6. A conveyor comprising: a conveyor belt arranged to advance along a conveying path in a direction of belt travel and having drive-receiving surfaces generally perpendicular to the direction of belt travel disposed at regularly spaced positions in the direction of belt travel defining the conveyor belt's drive pitch P_c; a drive belt underlying the conveyor belt along a portion of the conveying path and advancing in the direction of belt travel and having driving surfaces generally perpendicular to the direction of belt travel disposed at regularly spaced positions in the direction of belt travel defining the drive belt's drive pitch Pd to engage the drive- receiving surfaces and drive the conveyor belt along the conveying path; wherein nP_c = P_d + nαP_d, where n e { 1, 2, 3, 4} and 0 < α ≤ 0.1.

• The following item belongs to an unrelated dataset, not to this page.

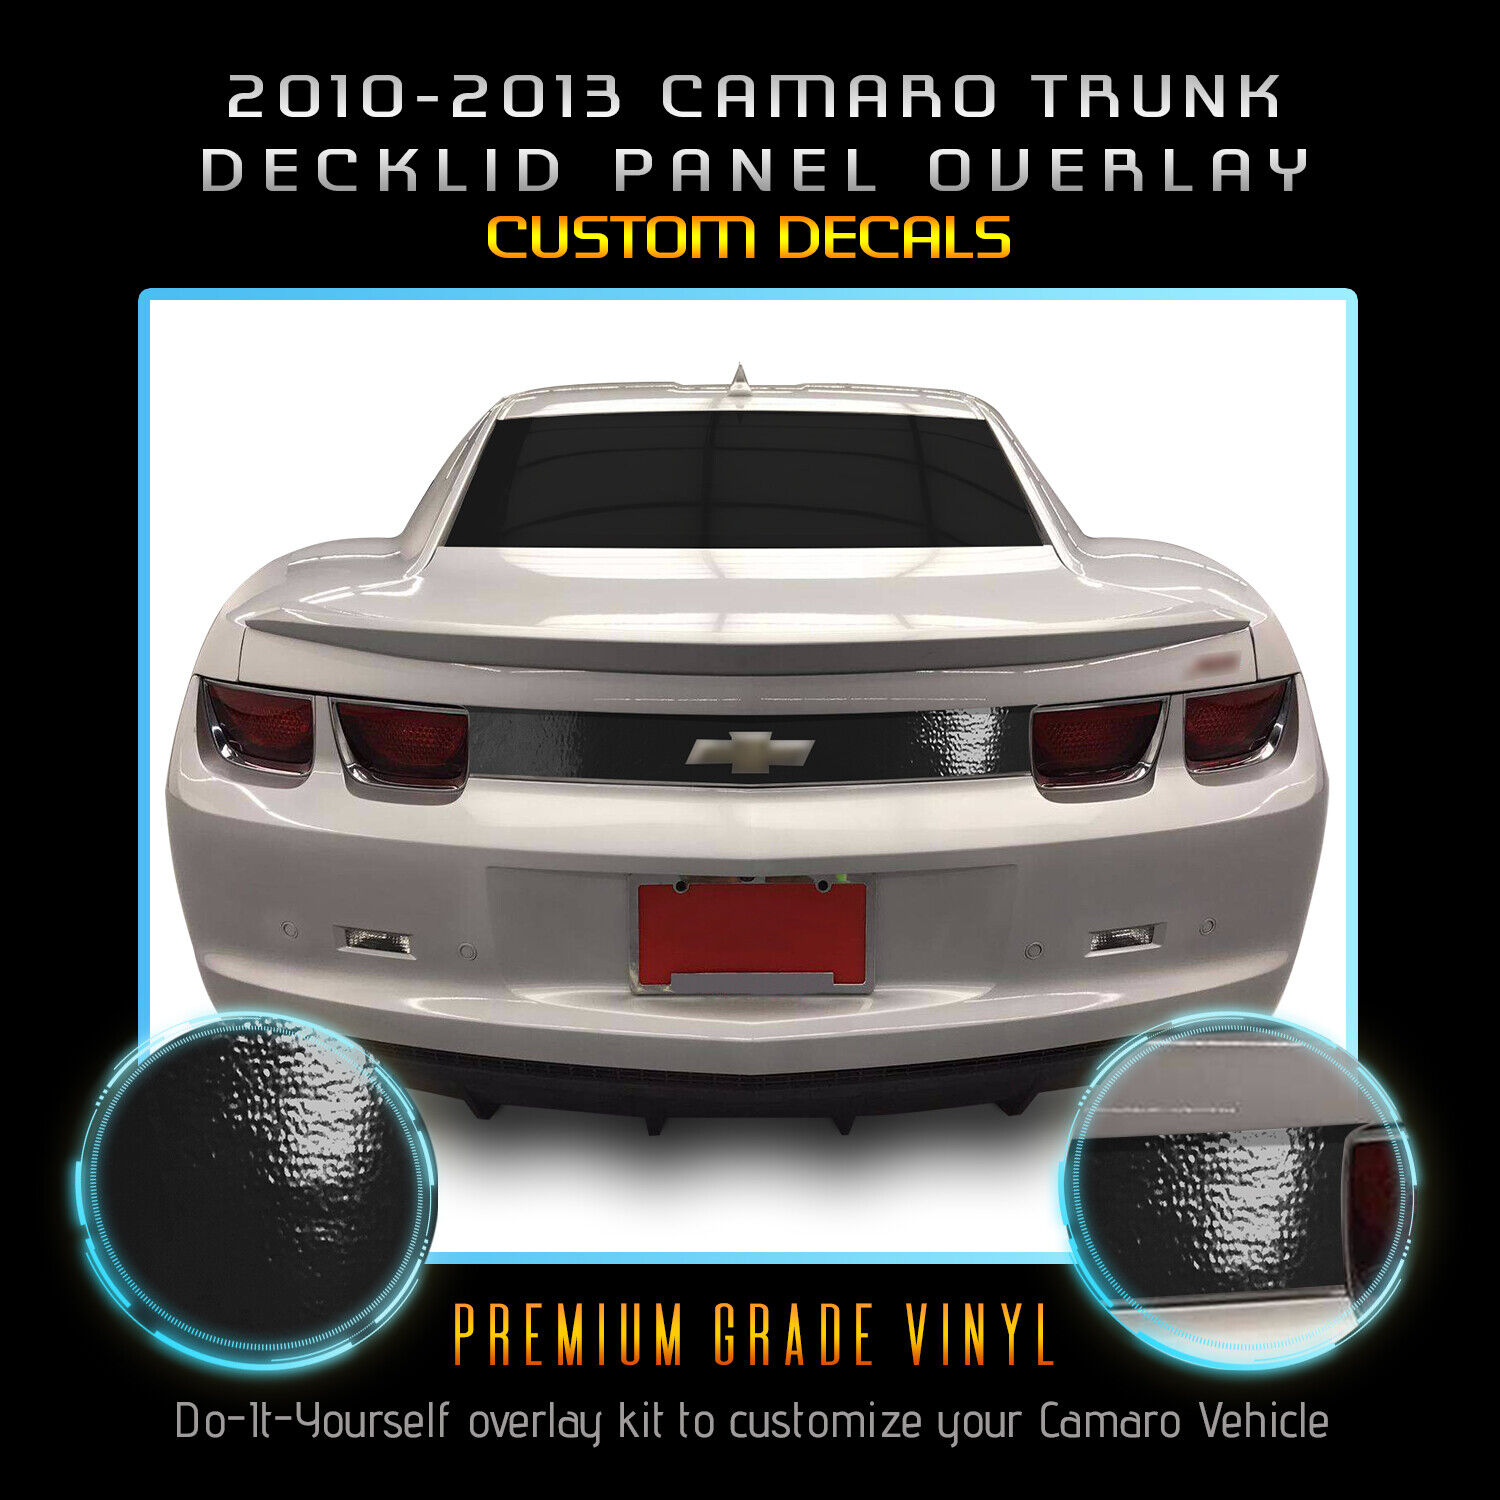 For 2010-2013 Camaro Trunk Deck Panel Overlay Accent Vinyl Decal - Gloss Vinyl

7. A conveyor comprising: a conveyor belt arranged to advance forward along a conveying path in a direction of belt travel and having a top side and an opposite bottom side and a plurality of drive - receiving surfaces having a first portion generally perpendicular to the direction of belt travel extending from the bottom side toward the top side and a second portion extending forward from the first portion toward the top side of the conveyor belt; a drive belt arranged to advance in the direction of belt travel along a portion of the conveying path adjacent the bottom side of the conveyor belt, wherein the drive belt has a plurality of outwardly extending teeth regularly spaced in the direction of belt travel; wherein the teeth have hook-shaped driving surfaces for mating with the drive-receiving surfaces of the conveyor belt to drive the conveyor belt and hold the conveyor belt in contact with the drive belt; wherein the spacing between consecutive driving surfaces is less than the spacing between consecutive drive -receiving surfaces or less than an integral multiple of the spacing between consecutive drive -receiving surfaces by an amount sufficient to ensure that all driving surfaces forward of a rearmost driving surface drivingly engaged with a drive-receiving surface are out of driving engagement with a drive- receiving surface.

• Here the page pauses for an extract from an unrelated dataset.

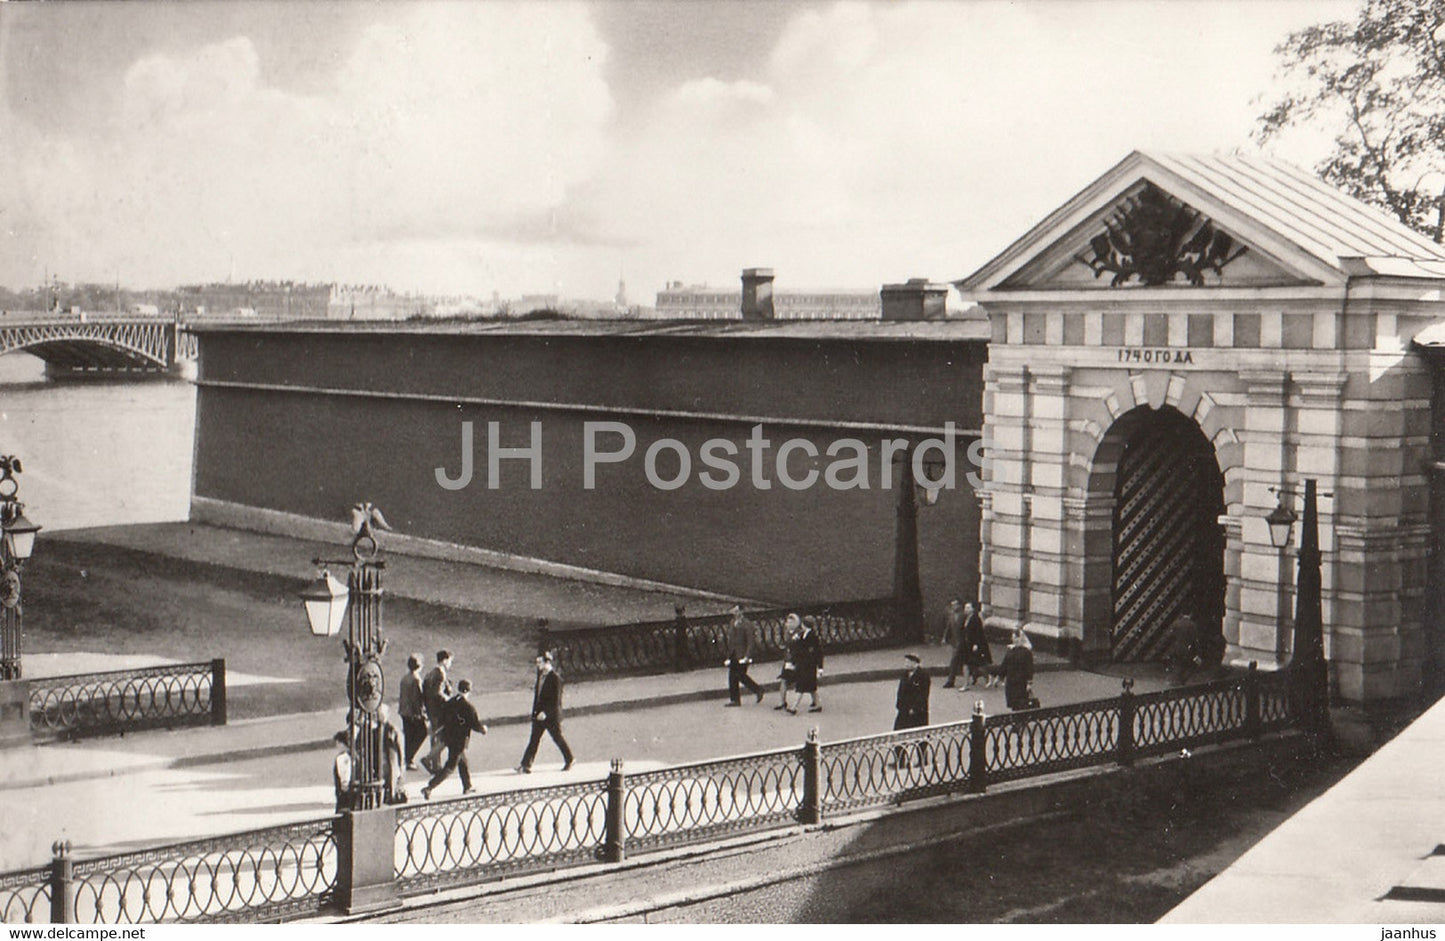 Leningrad - St Petersburg - Peter and Paul Fortress - Ioannovsky Bridge - gate - 1985 - Russia USSR - unused - JH Postcards

8. A method of operating a conveyor, the method comprising: arranging a conveyor belt having drive-receiving surfaces spaced apart along the length of the conveyor belt on regular intervals defining the conveyor belt's drive pitch along a conveying path; advancing a drive belt underlying the conveyor belt along a portion of the conveying path and having driving surfaces defining a pressure angle of less than about 5° and spaced apart on regular intervals defining the drive belt's drive pitch for engaging the drive- receiving surfaces of the conveyor belt to drive the conveyor belt along the conveying path, wherein the drive belt's drive pitch is slightly less than the conveyor belt's drive pitch or slightly less than an integral multiple of the conveyor belt's drive pitch.